:: To do ::
Copy the data below exactly. Any pictures in it should be omitted.

:: Source data ::
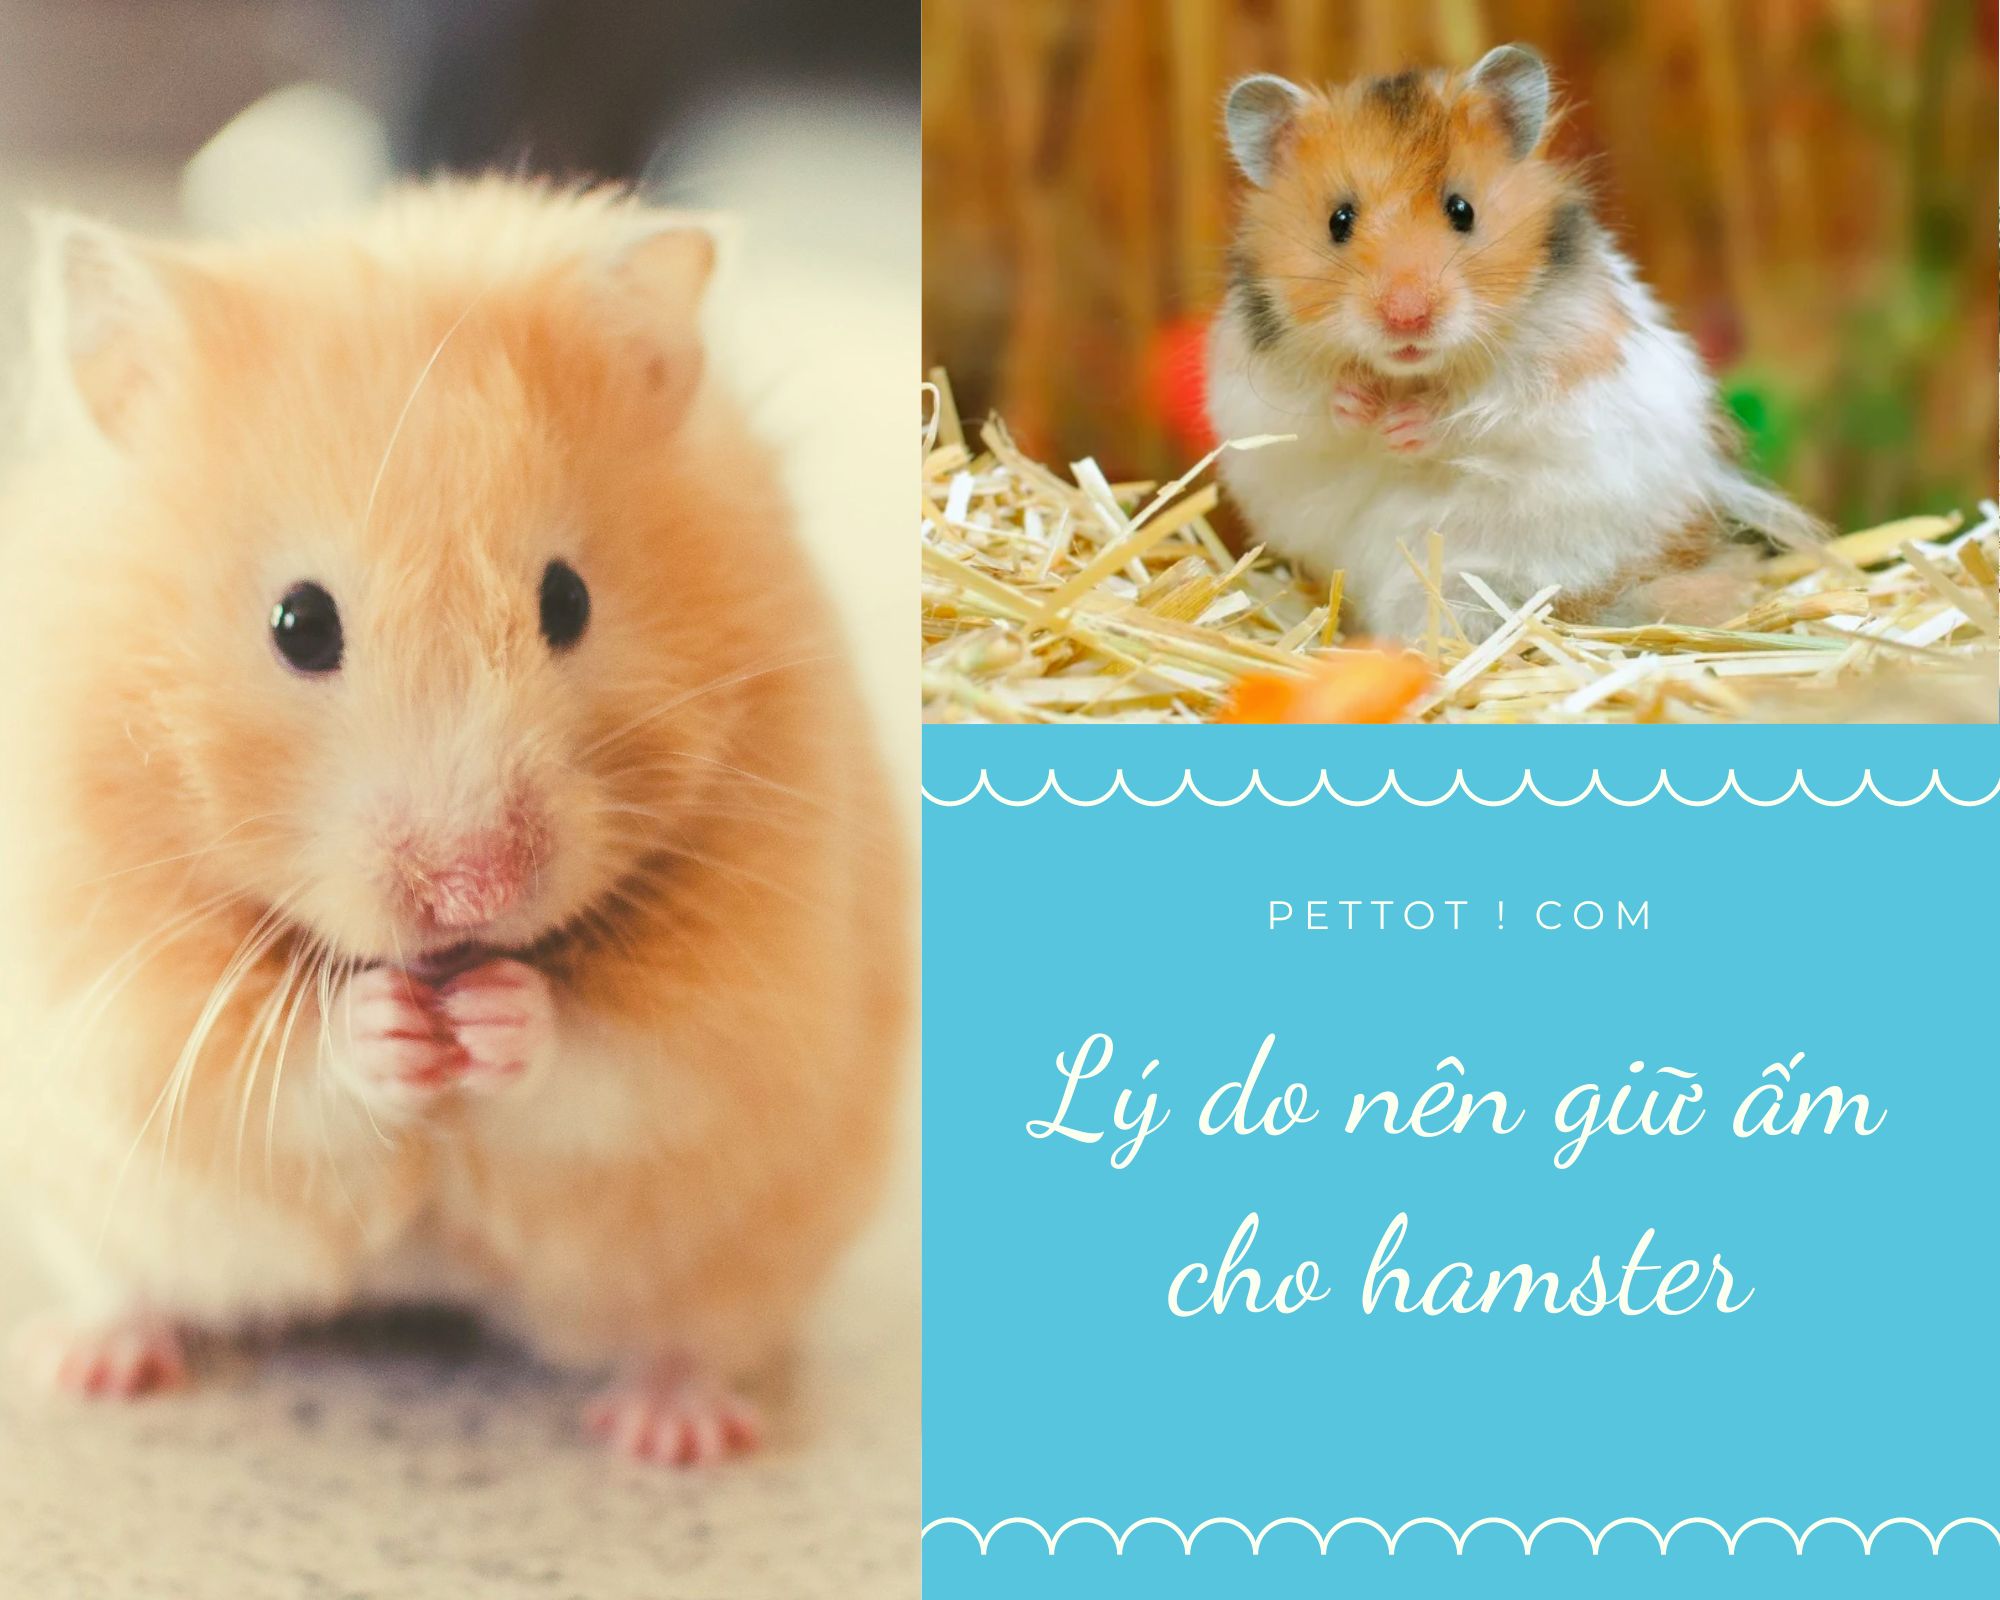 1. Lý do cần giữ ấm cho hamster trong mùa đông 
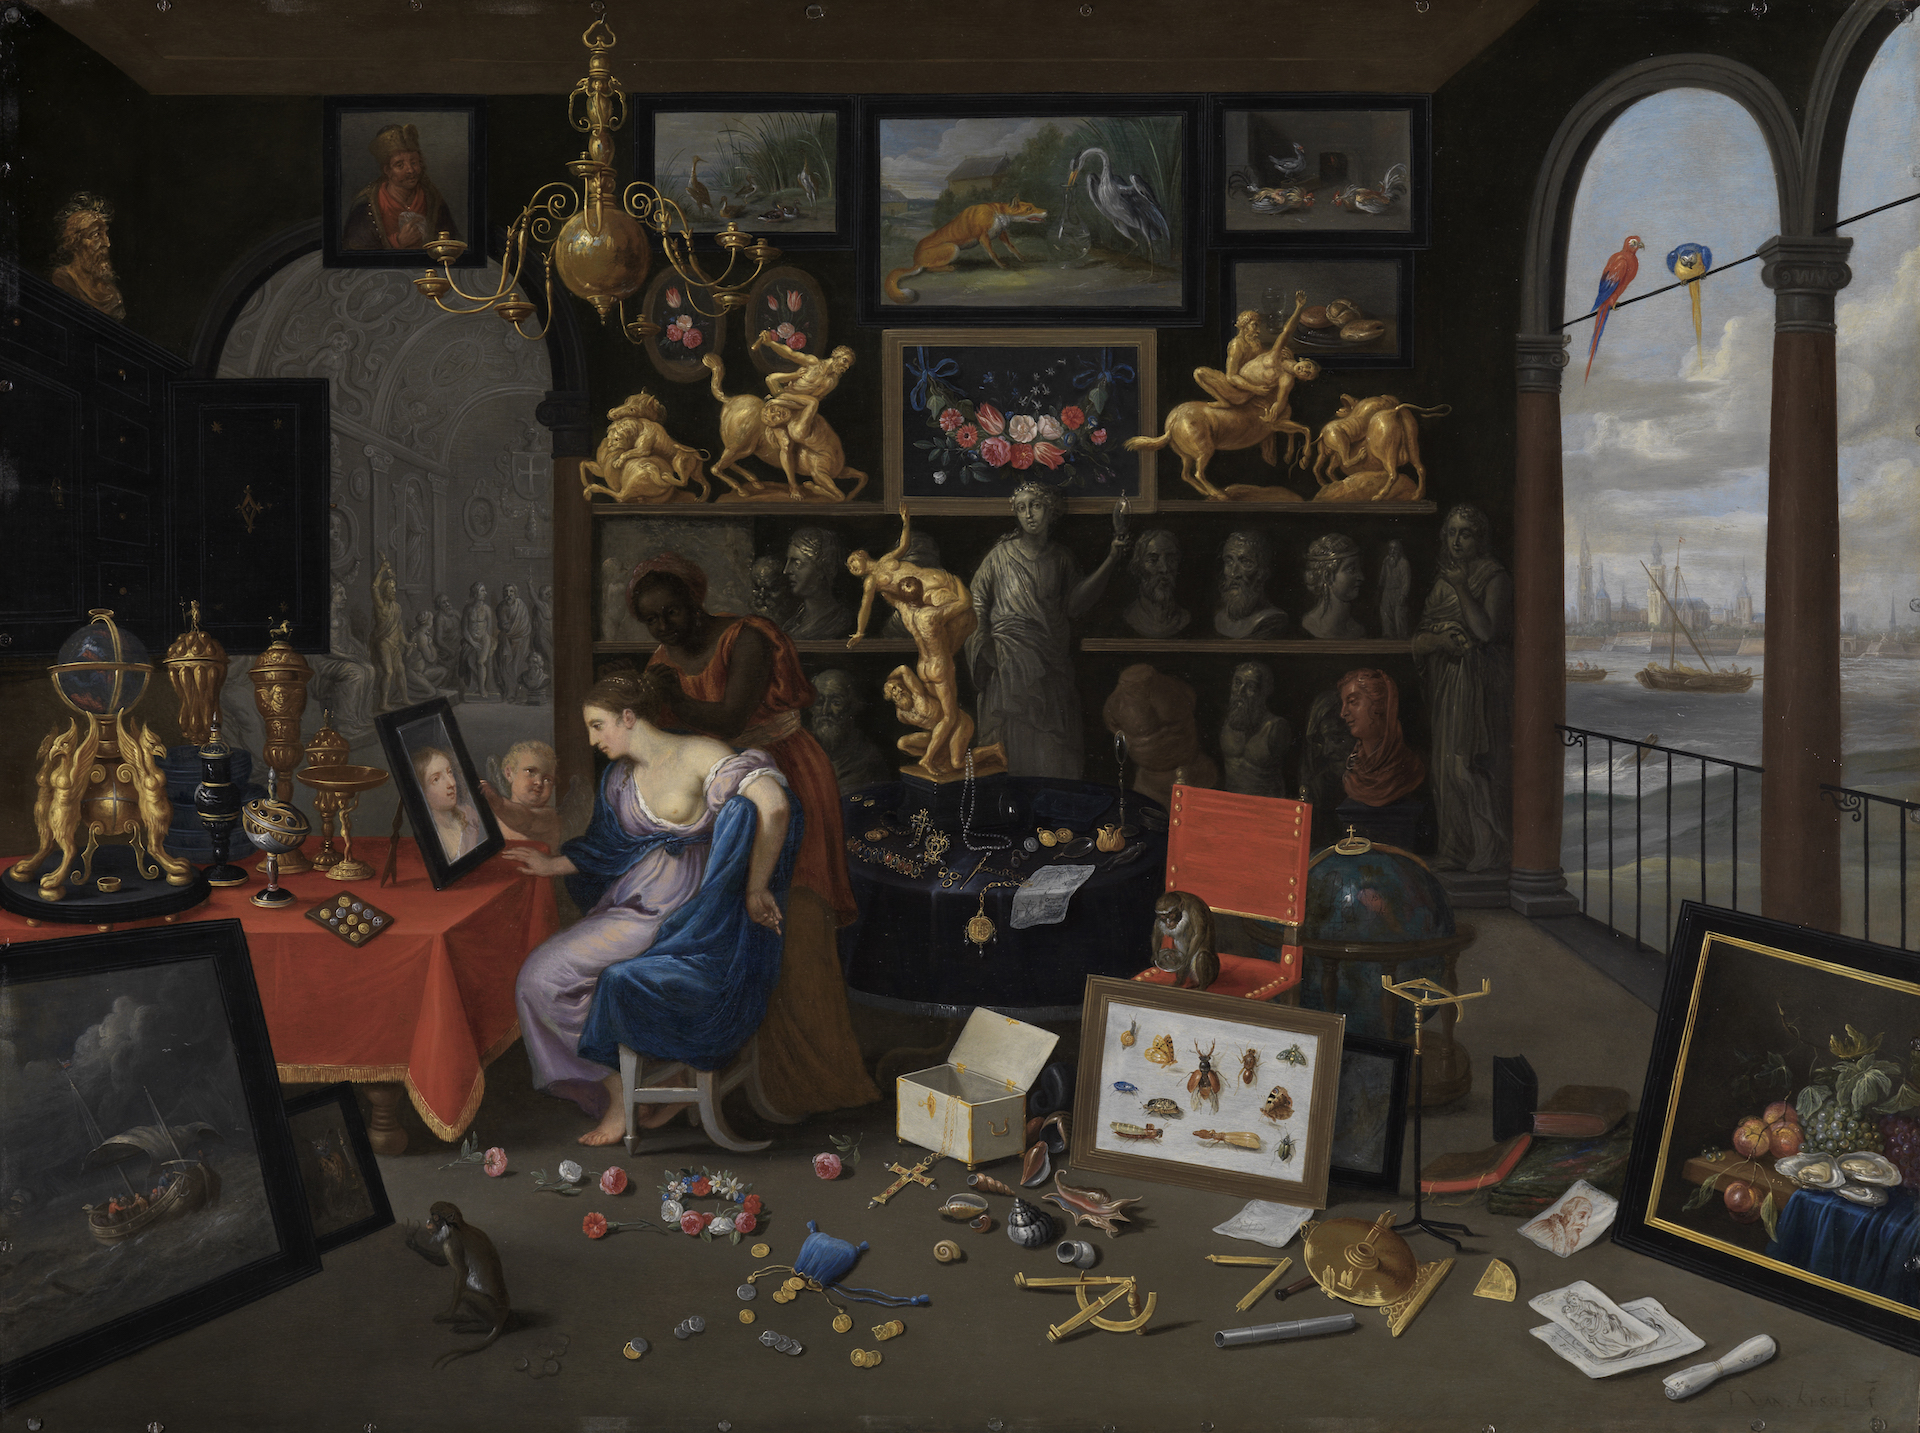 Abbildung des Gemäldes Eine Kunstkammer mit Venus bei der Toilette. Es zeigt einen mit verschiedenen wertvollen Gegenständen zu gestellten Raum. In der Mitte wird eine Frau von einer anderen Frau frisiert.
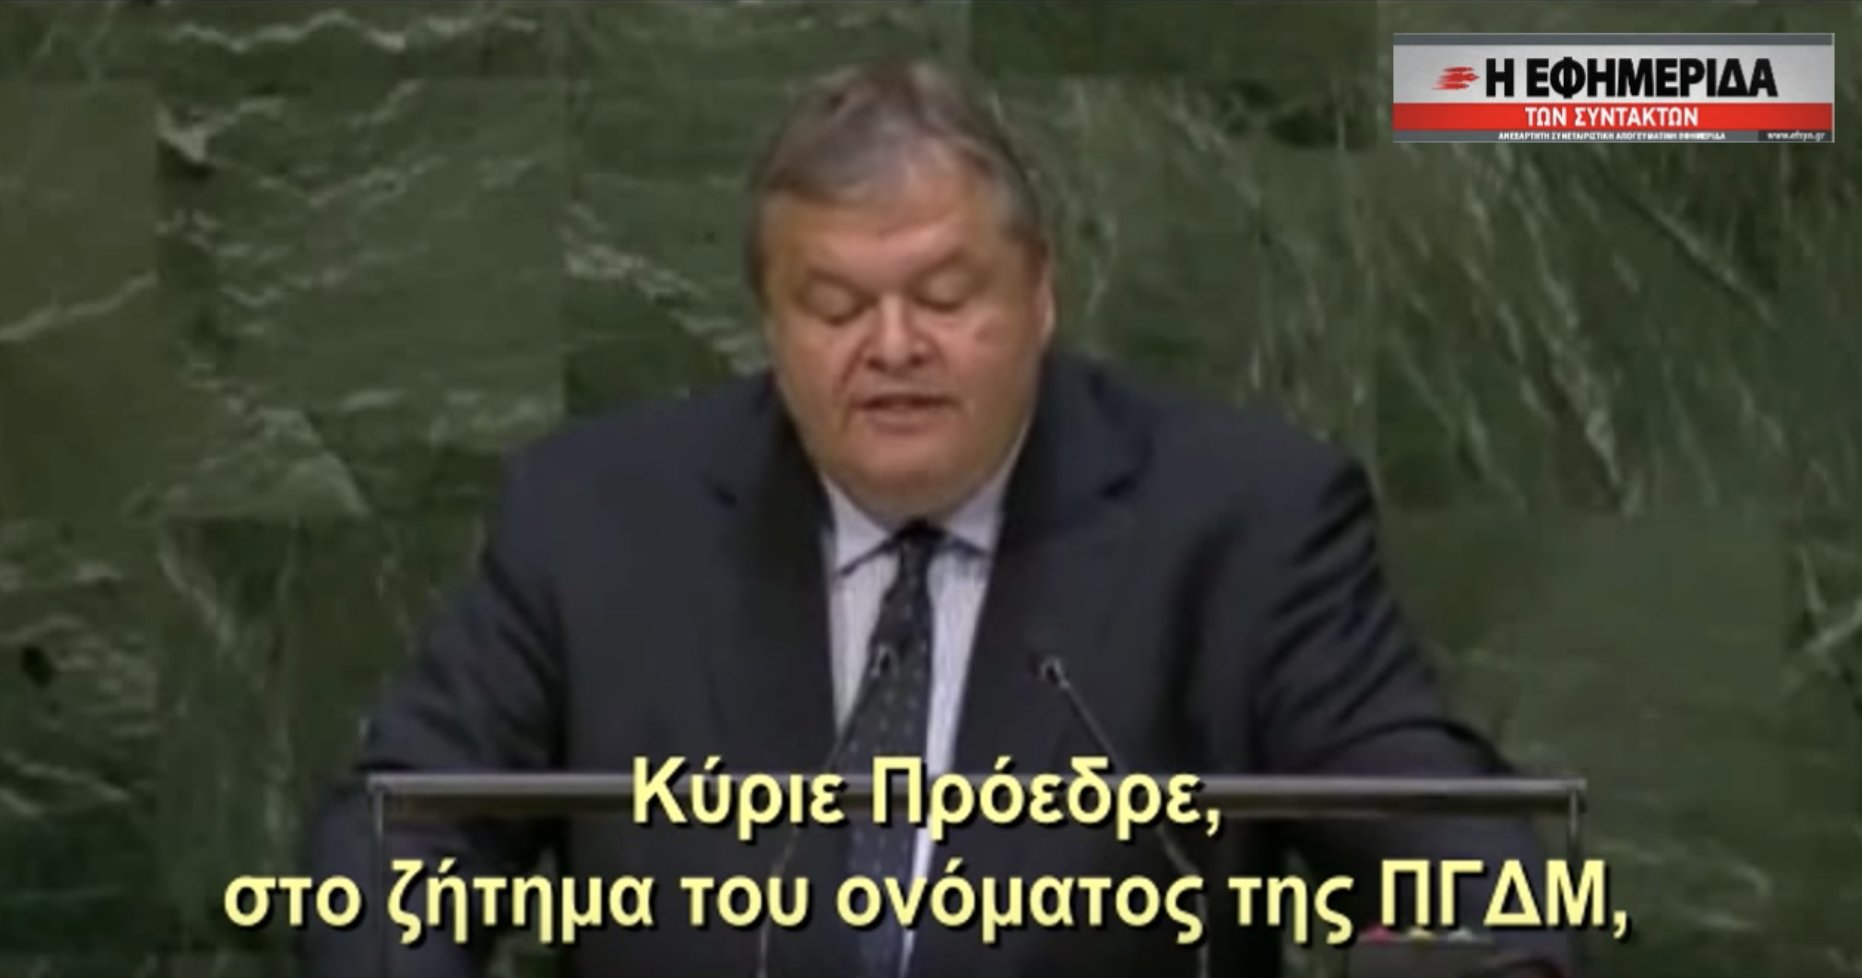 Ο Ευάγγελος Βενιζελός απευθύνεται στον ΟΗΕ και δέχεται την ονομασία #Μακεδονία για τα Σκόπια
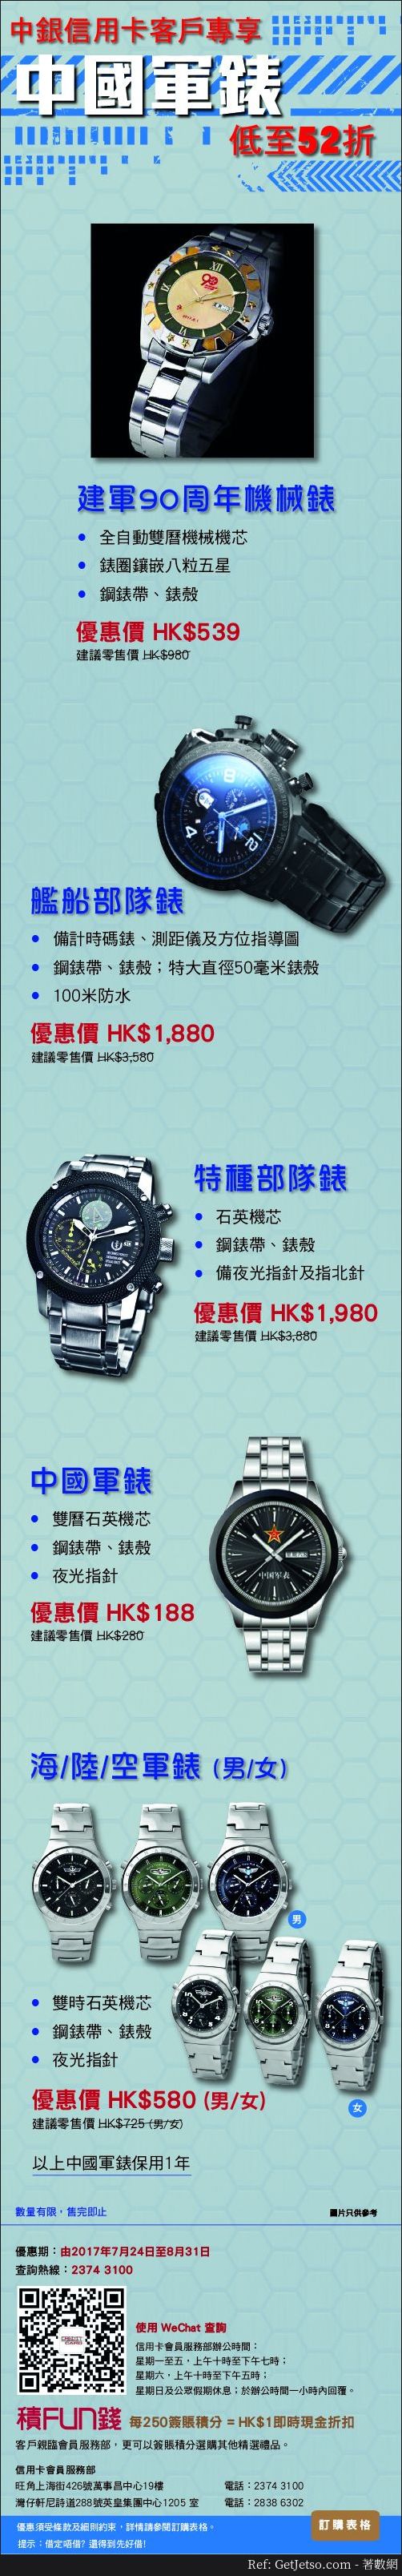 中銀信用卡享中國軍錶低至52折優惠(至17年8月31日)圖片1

:: Written response ::
 1. Lý do cần giữ ấm cho hamster trong mùa đông 
 Abbildung des Gemäldes Eine Kunstkammer mit Venus bei der Toilette. Es zeigt einen mit verschiedenen wertvollen Gegenständen zu gestellten Raum. In der Mitte wird eine Frau von einer anderen Frau frisiert.
 Ο Ευάγγελος Βενιζελός απευθύνεται στον ΟΗΕ και δέχεται την ονομασία #Μακεδονία για τα Σκόπια
 中銀信用卡享中國軍錶低至52折優惠(至17年8月31日)圖片1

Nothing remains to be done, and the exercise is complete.